[INFORMATION SHOWN]
------
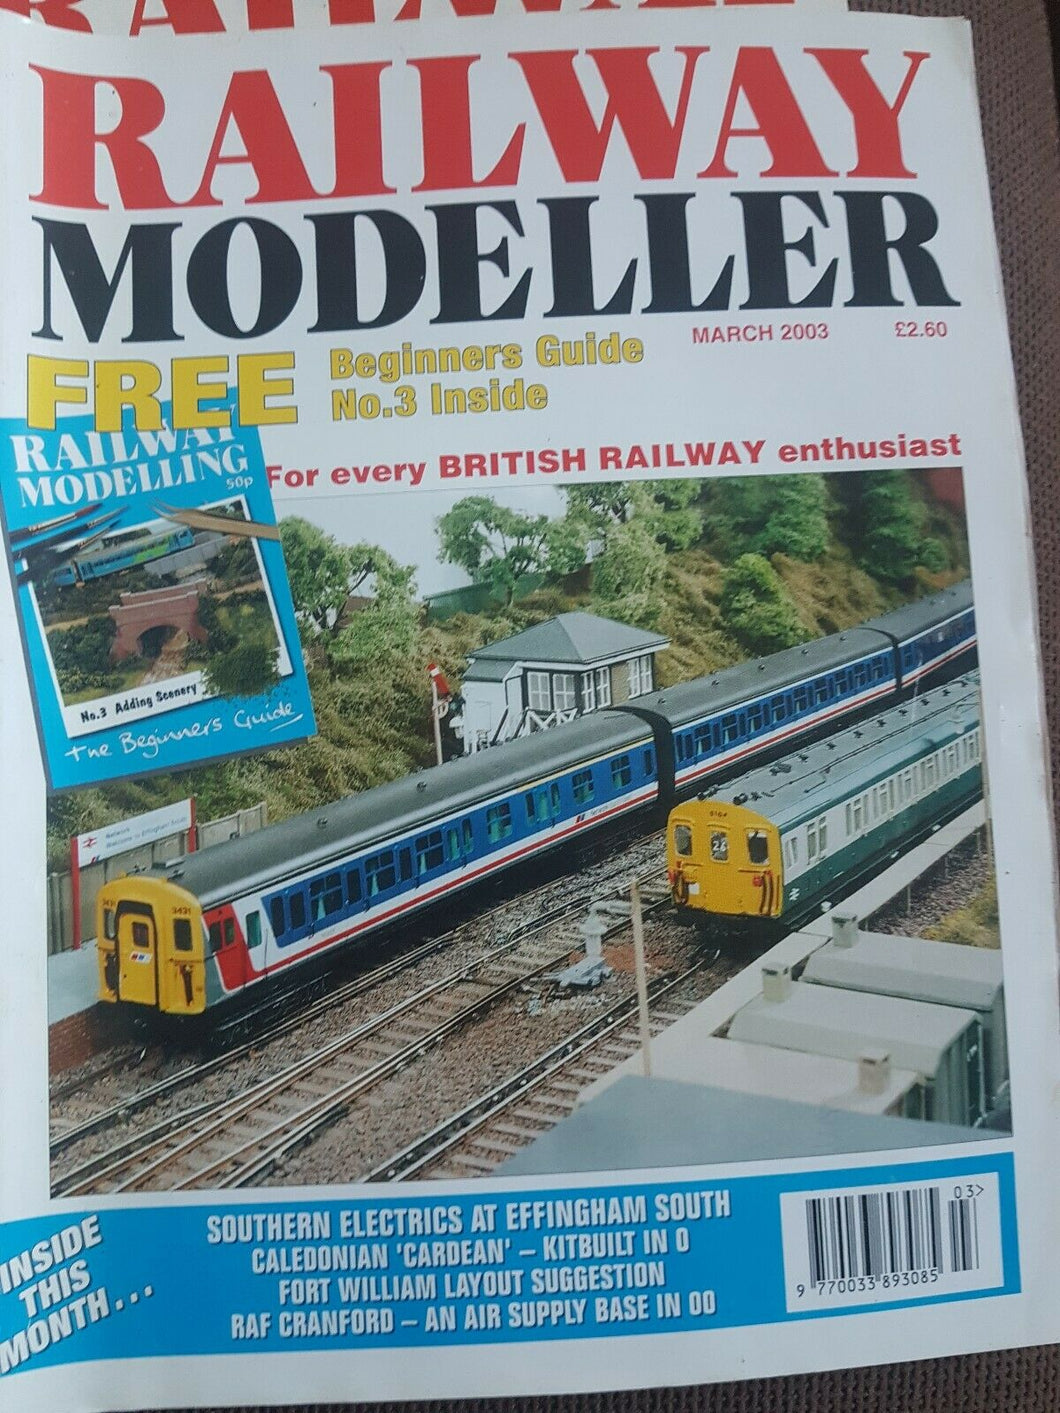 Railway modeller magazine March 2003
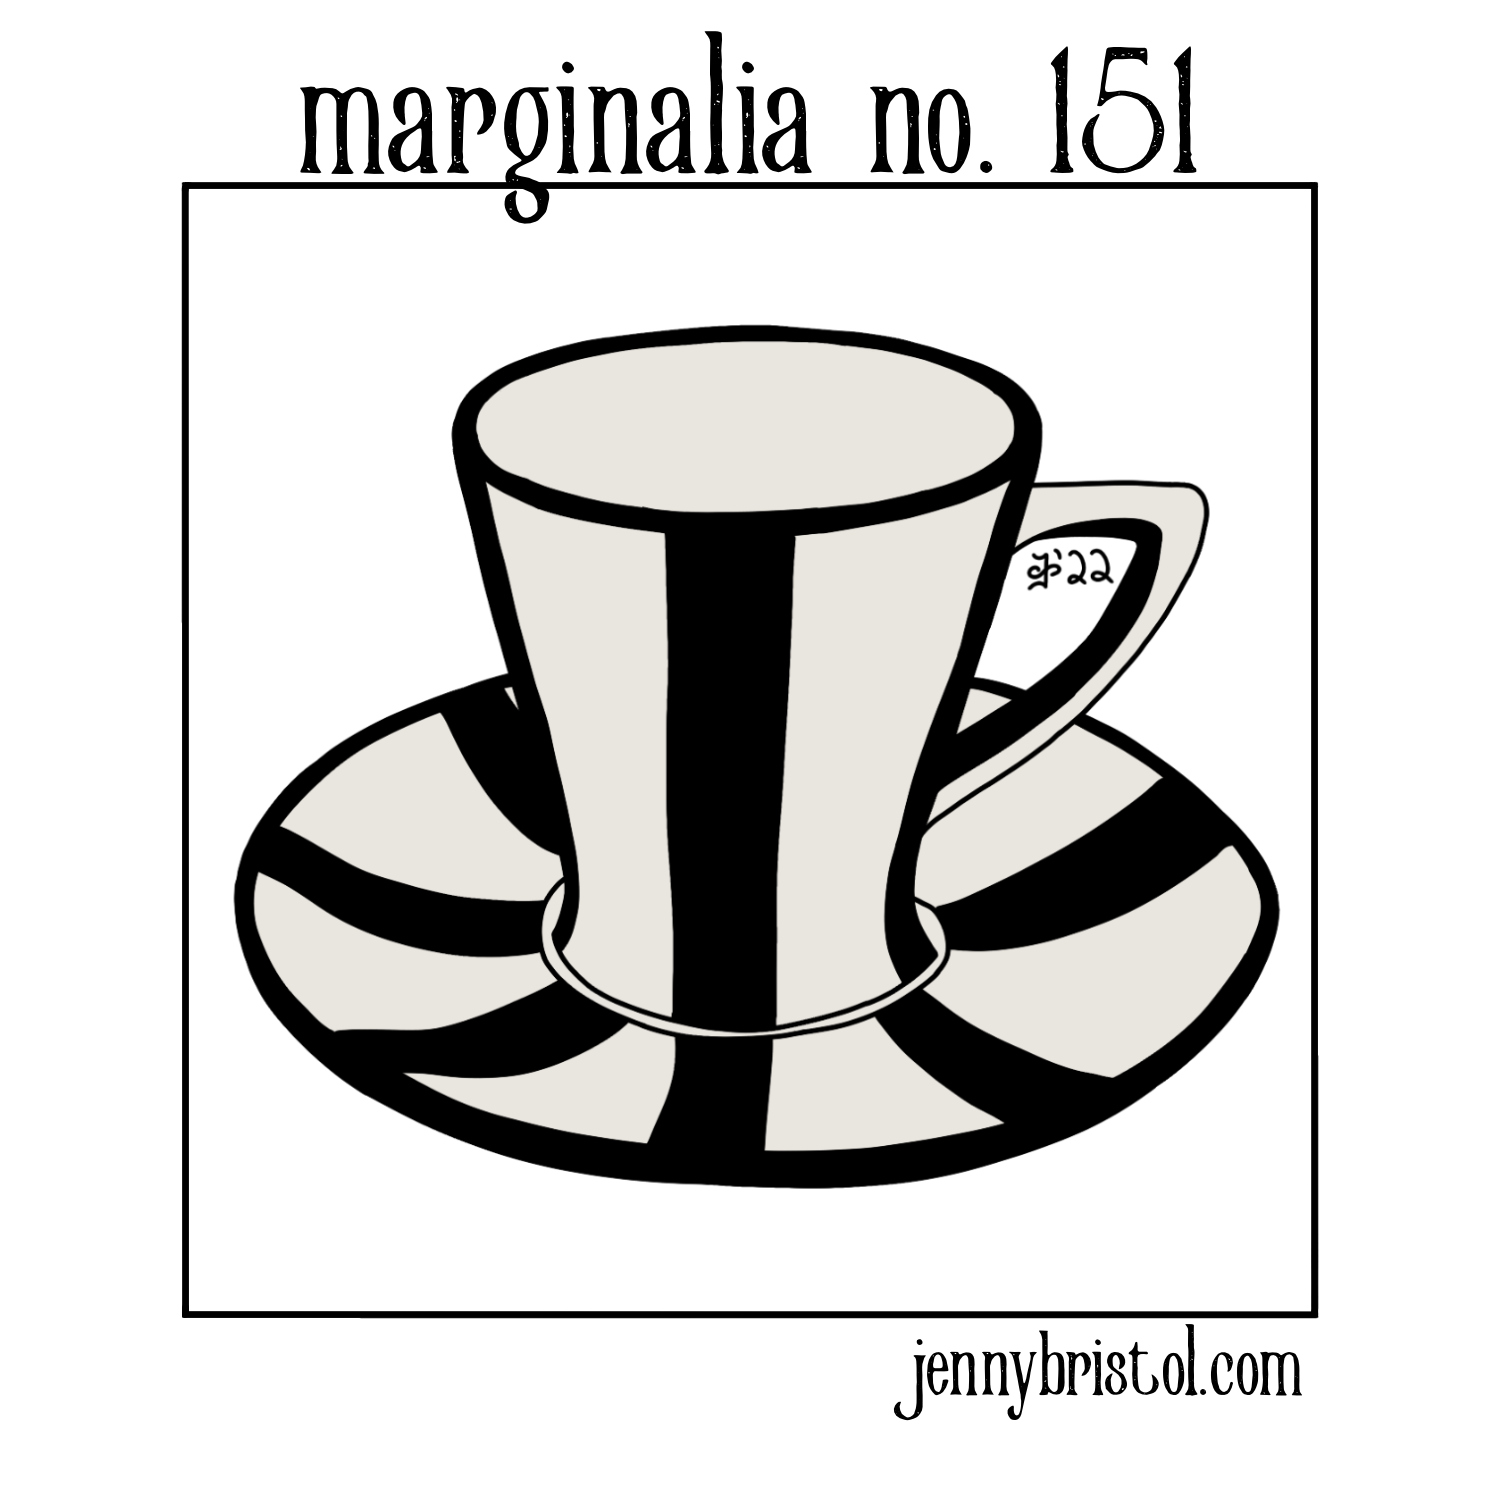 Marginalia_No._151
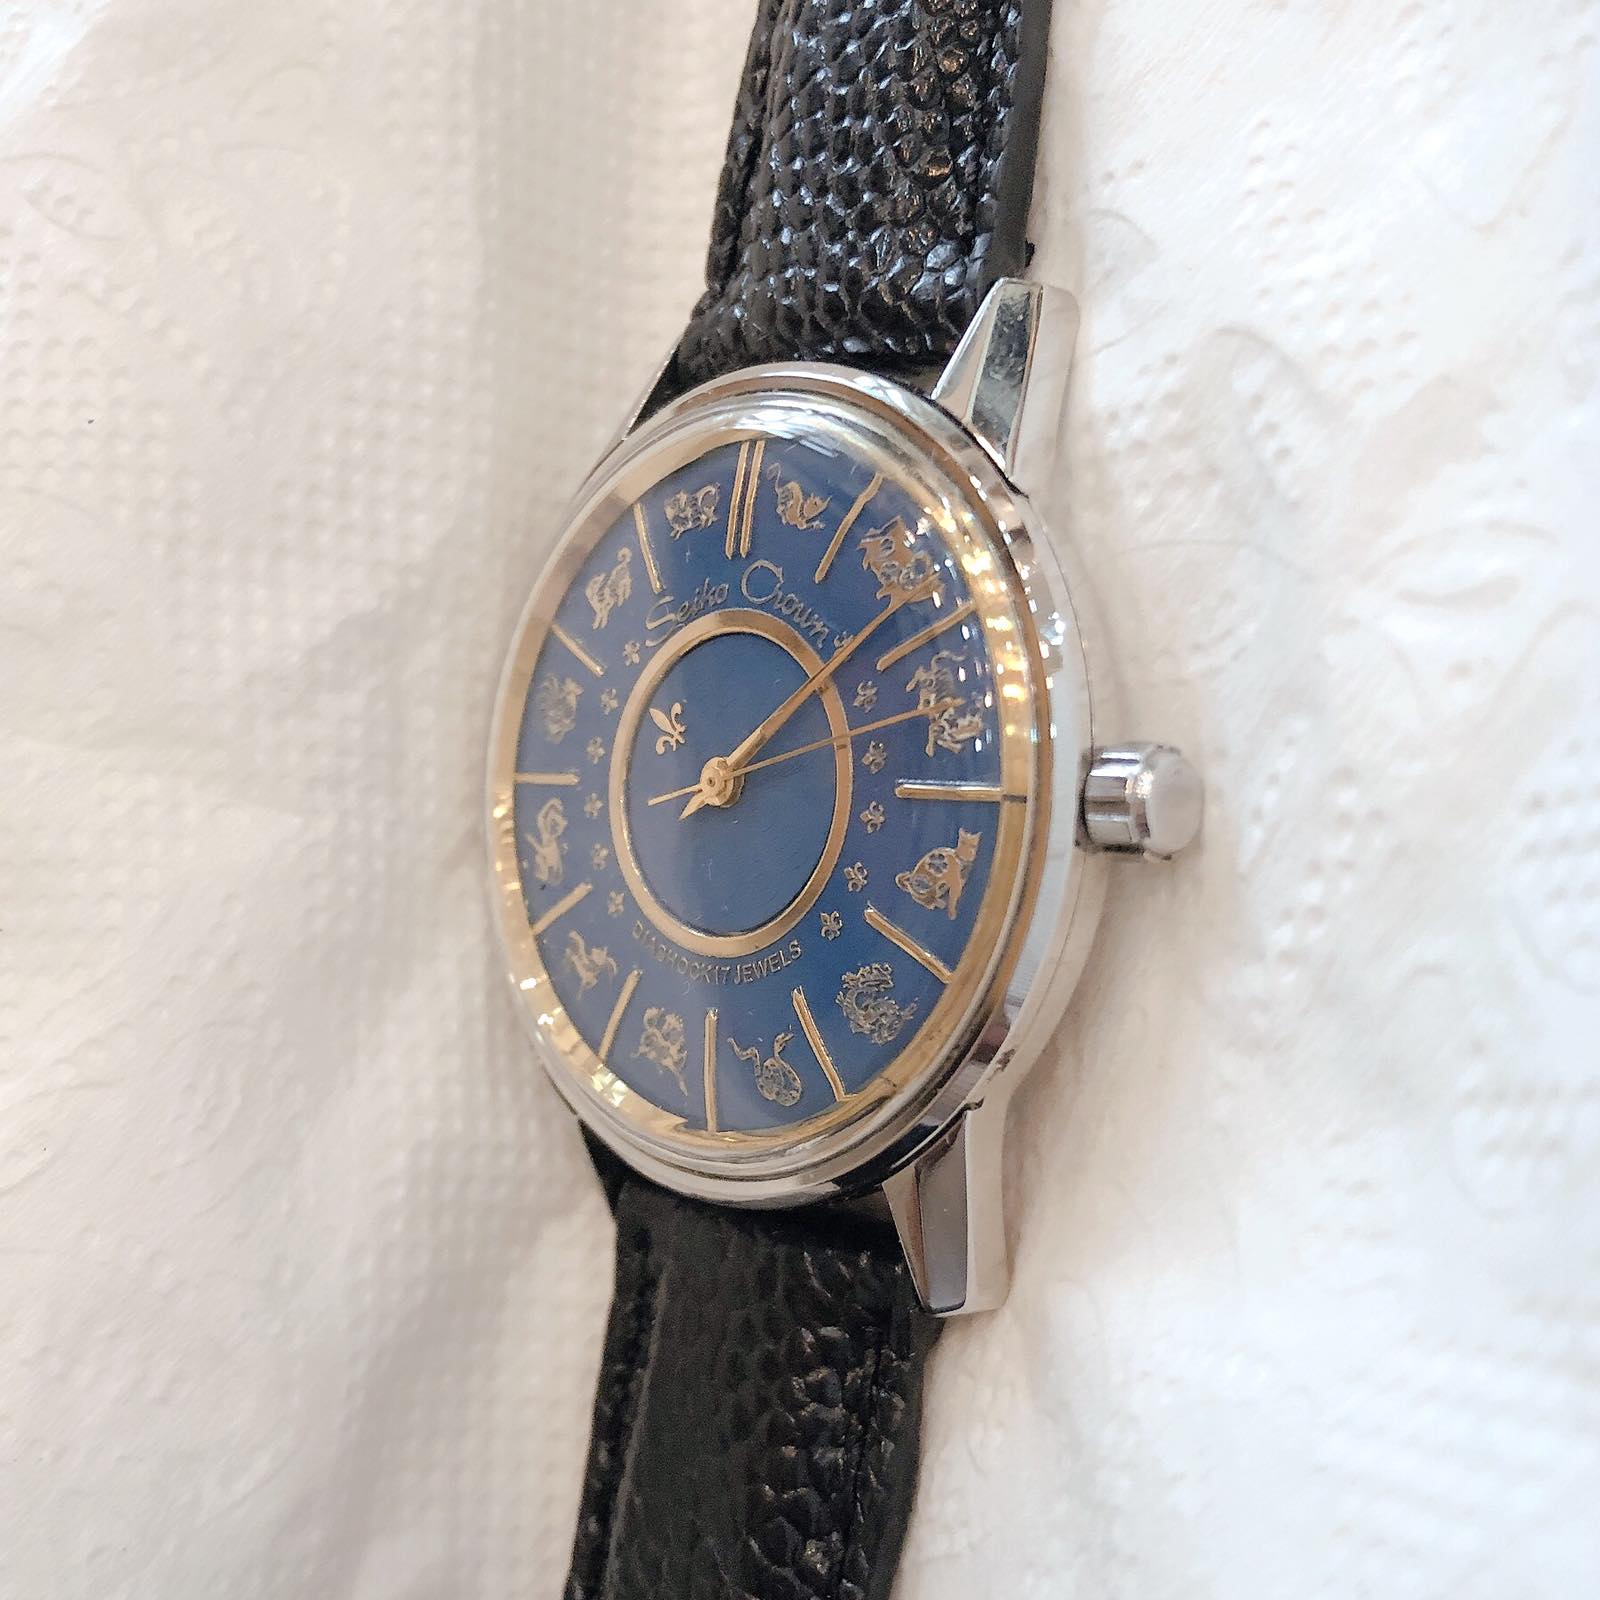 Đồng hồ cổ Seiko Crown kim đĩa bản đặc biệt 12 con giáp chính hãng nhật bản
------
Print the material exactly as given, but not the pictures.

 Railway modeller magazine March 2003
 Marginalia_No._151
 Đồng hồ cổ Seiko Crown kim đĩa bản đặc biệt 12 con giáp chính hãng nhật bản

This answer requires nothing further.